Gildo Rizzato

Personal information
- Full name: Gildo Rizzato
- Date of birth: 2 February 1948 (age 77)
- Place of birth: Montagnana, Italy
- Height: 1.70 m (5 ft 7 in)
- Position(s): Striker

Youth career
- Montagnana

Senior career*
- Years: Team / Apps / (Gls)
- 1964-1965: Legnago / ? / (0?)
- 1965-1966: Spal / ? / (0?)
- 1966-1967: Legnago
- 1967-1969: Spal / 11 / (0)
- 1969-1971: Empoli / 41 / (9)
- 1971-1973: Triestina / 29 / (3)
- 1973: Toronto Italia
- 1973-1975: Sangiovannese / 44 / (1)
- 1975-1977: Nuovo Monselice

= Gildo Rizzato =

Italian footballer

Gildo Rizzato (born 2 February 1948) is an Italian former footballer who played as a forward.

== Career ==
Rizzato played at the youth level with A.C. Montagnana. In 1964, he played with F.C. Legnago Salus, and the following season with S.P.A.L. He returned to Legnago in 1966, and had another stint with SPAL in the Serie A in 1967. In 1968, he played in the Serie B with SPAL, and in 1969 he played in the Serie C with Empoli F.C. He played in the Serie D with U.S. Triestina Calcio 1918, and assisted in securing promotion by winning the league title.

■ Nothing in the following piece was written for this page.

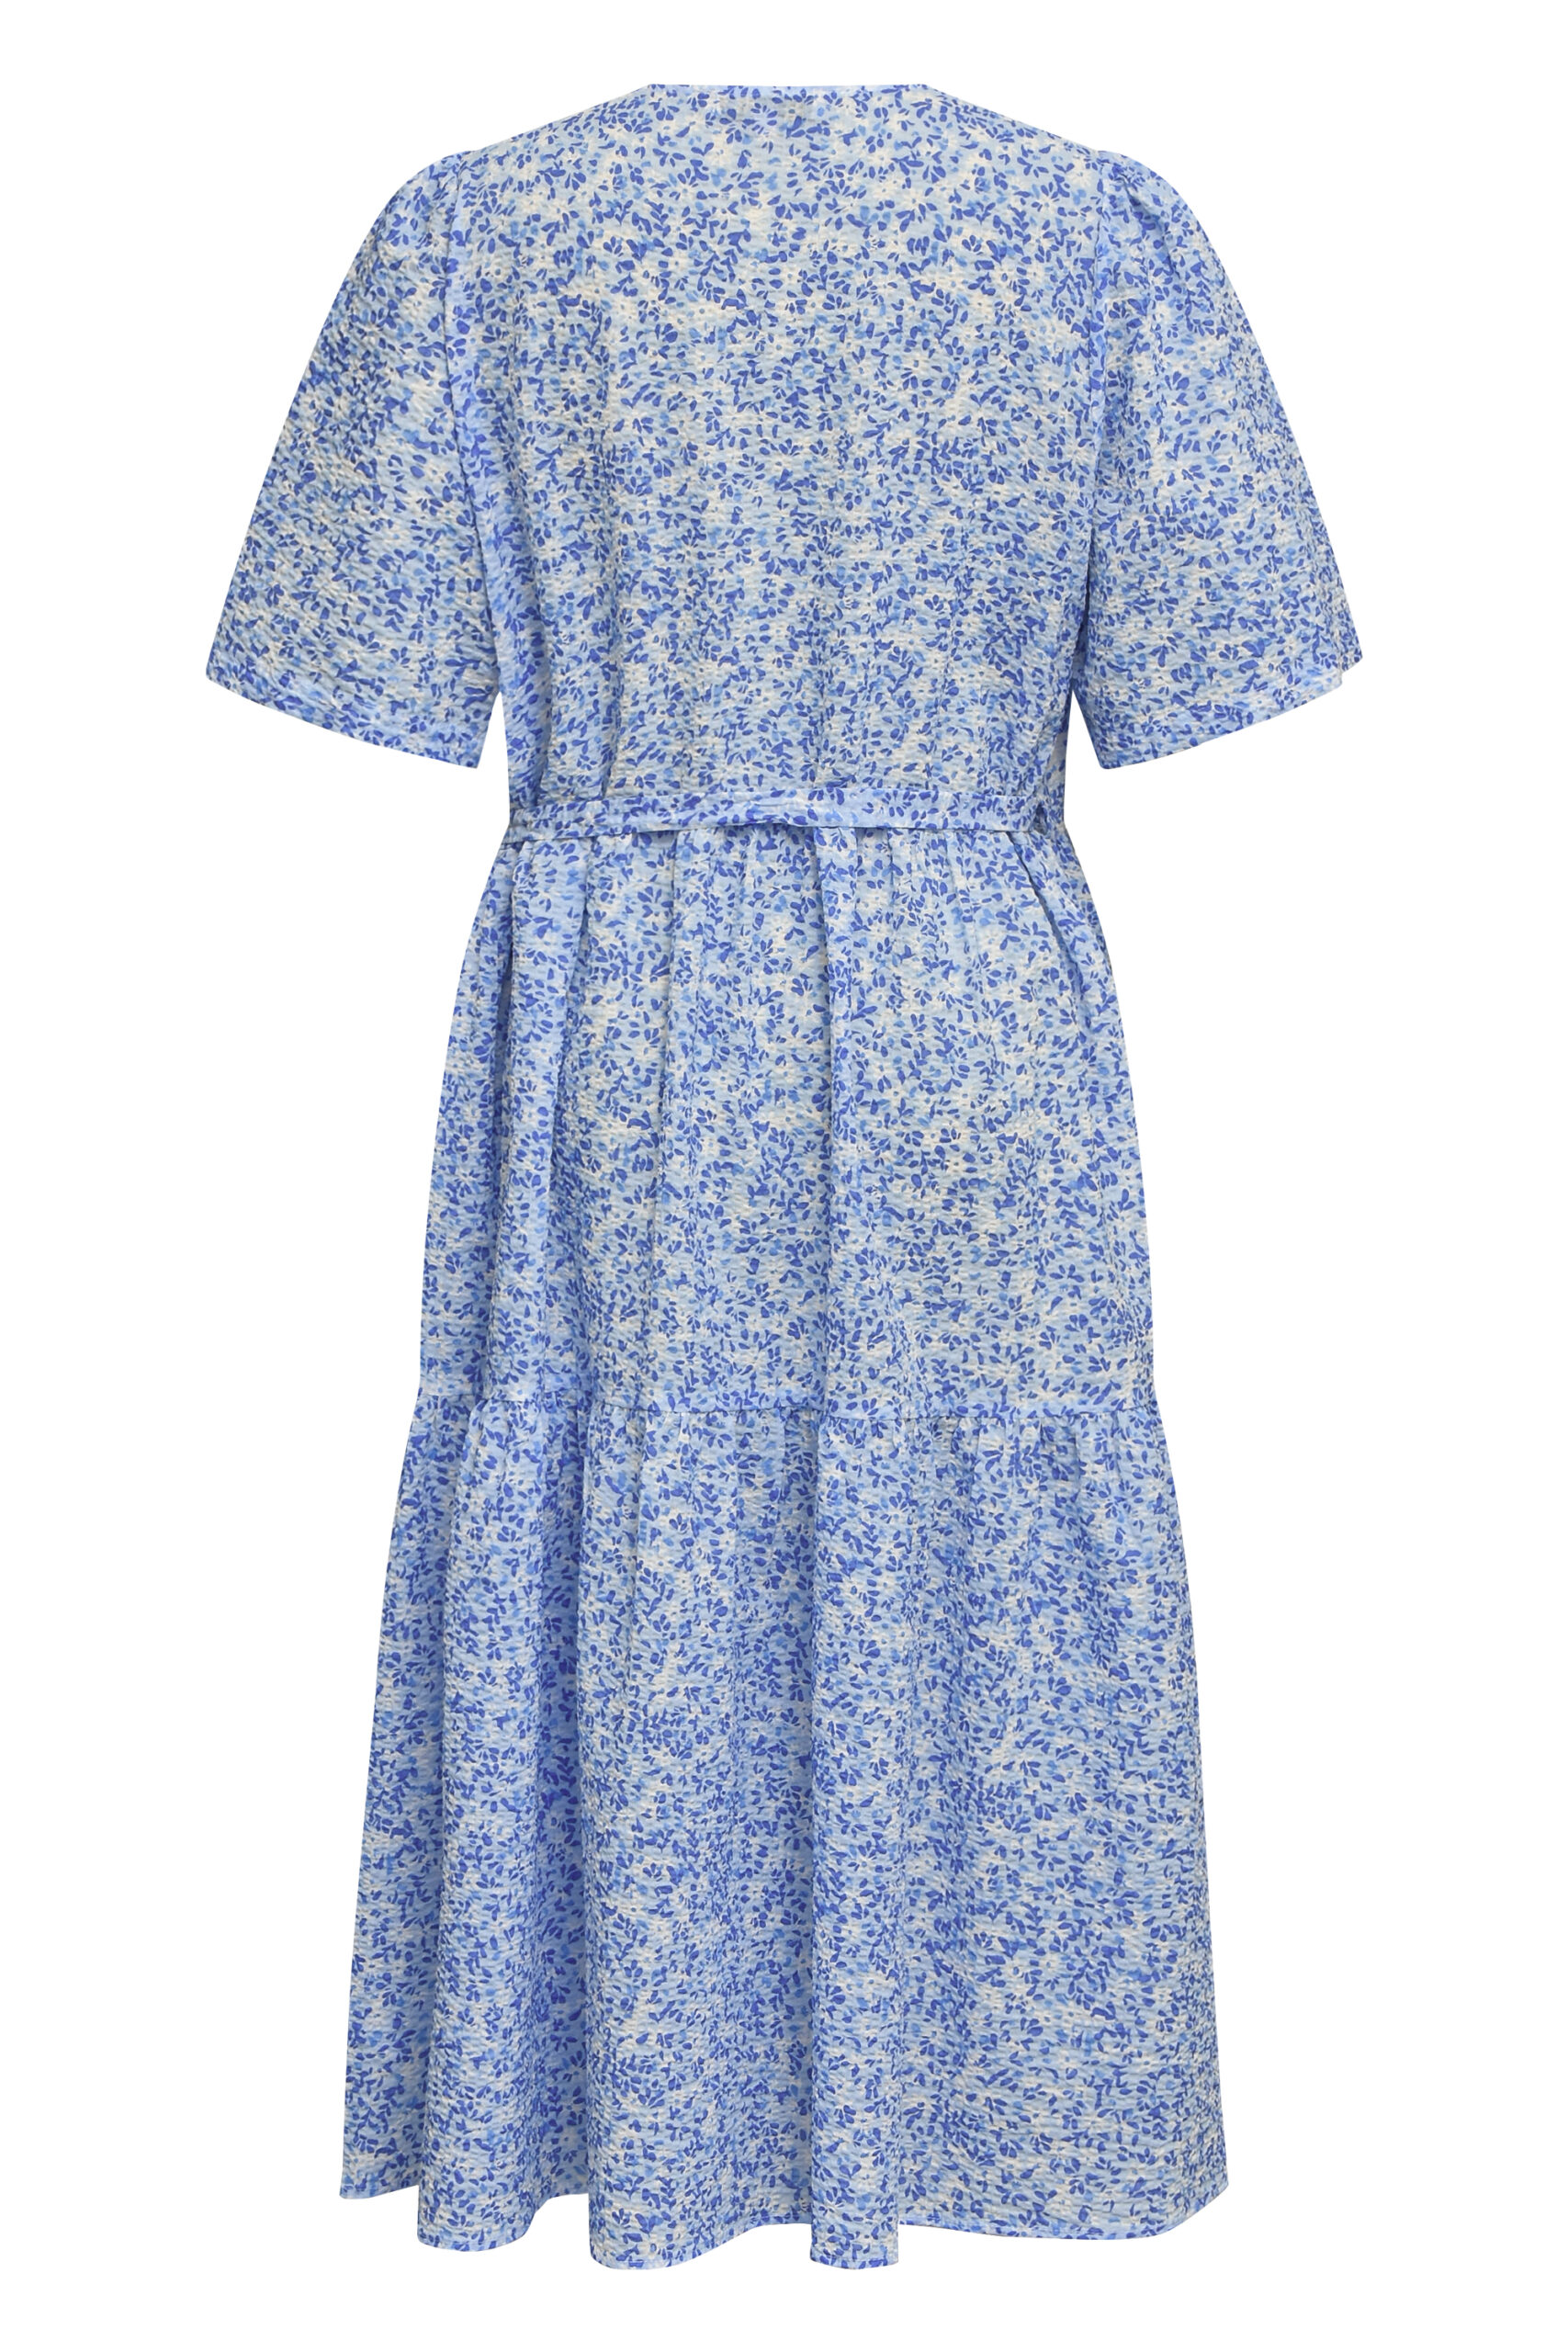 Caisa Blue Print Dress item back

In the summer of 1973 he played abroad in the National Soccer League with Toronto Italia. In late 1973, he played with A.S.D. Sangiovannese 1927, and later played with A.S.D. Nuovo Monselice Calcio.

== Managerial career ==
Rizzato became the president for Abano Calcio in 1991, and in 2019 he was named the honorary president for the club.

== Personal life ==
In 1987, he founded GR Bike a company that markets cycle sport.